Raymond James analysts reiterated an Outperform rating and an $80 price target for Mercury General Corporation (NYSE:MCY) despite recent challenges stemming from devastating wildfires near Los Angeles, which resulted in a stock price drop of 19% on Friday.
While acknowledging the adverse impact of the wildfires, the analysts highlighted Mercury General’s underlying profitability, excluding catastrophe losses, as well as robust top-line growth and elevated net investment income (NII) as key drivers of a potential stock price recovery.
The wildfires, with insured loss estimates ranging from $11 billion to $17.5 billion, could become the most expensive in U.S. history, with economic losses exceeding insured claims. However, sophisticated underwriting practices may mitigate gross losses for private insurers like Mercury General, limiting their proportional exposure.
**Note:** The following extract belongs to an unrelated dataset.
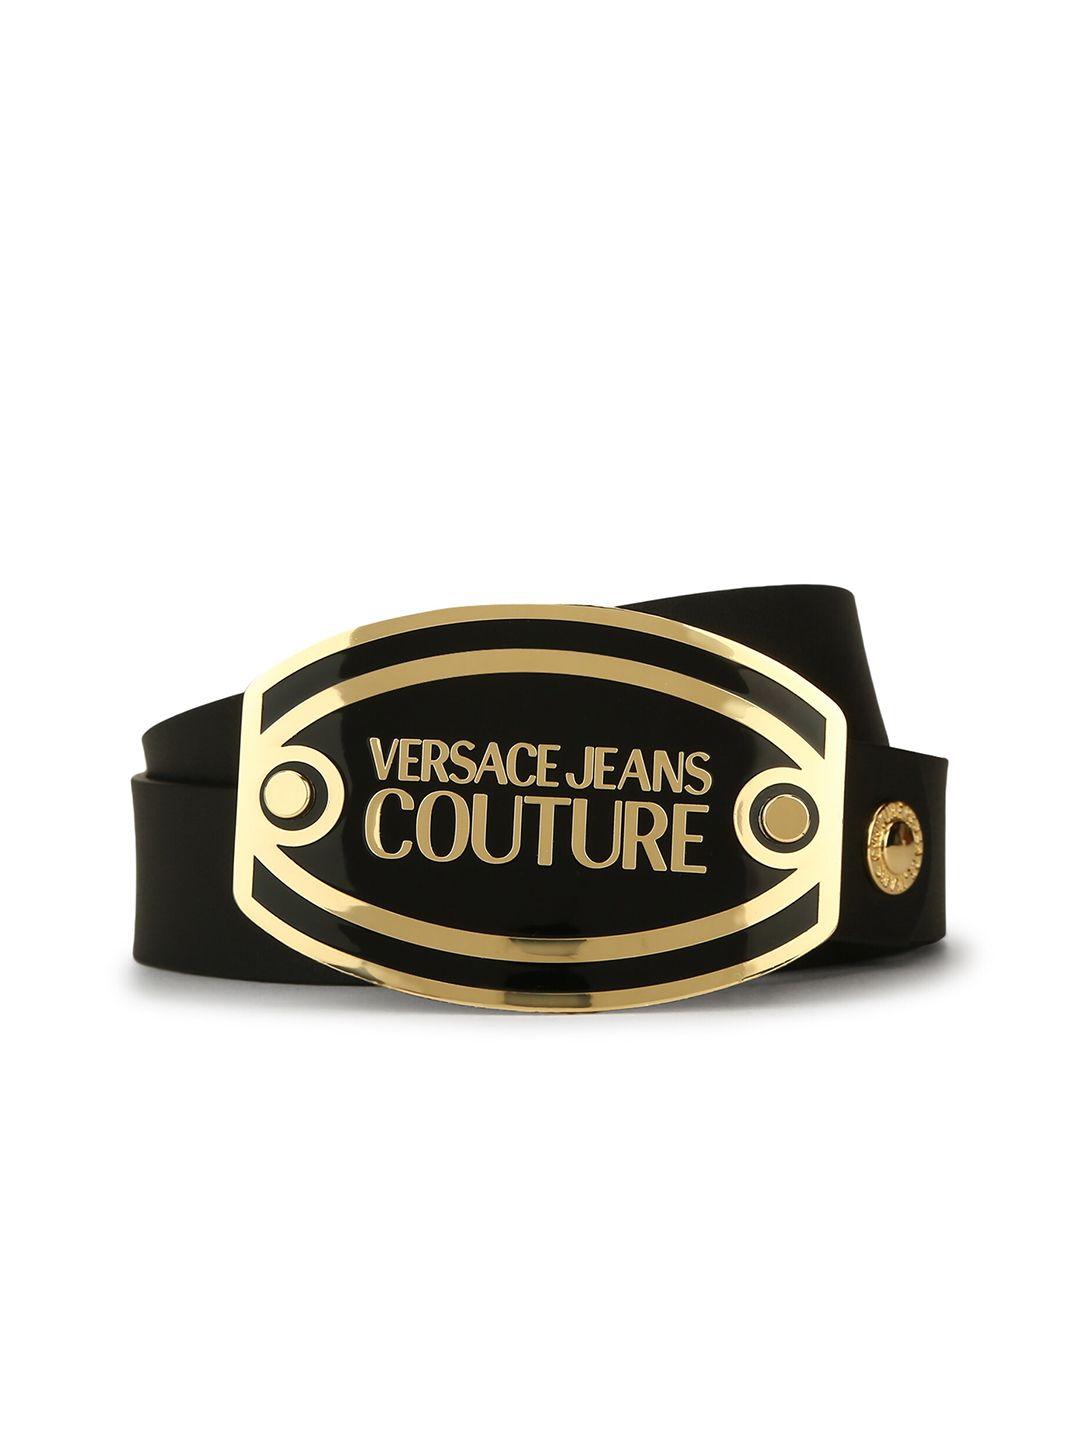 versace-jeans-couture-men-black-leather-belt

In response to the anticipated wildfire and other potential catastrophe losses, the analysts lowered the first-quarter 2025 operating EPS estimate from $1.60 to breakeven, reflecting proactive adjustments for potential losses. Despite these short-term setbacks, Mercury General is projected to generate approximately $193 million in pre-tax income in Q1 2025, compared to $89 million in Q1 2024, excluding catastrophe impacts.
Full-year EPS estimates for fiscal years 2025 and 2026 have been revised downward to $5.30 and $7.00, respectively, from previous estimates of $6.90 and $7.02.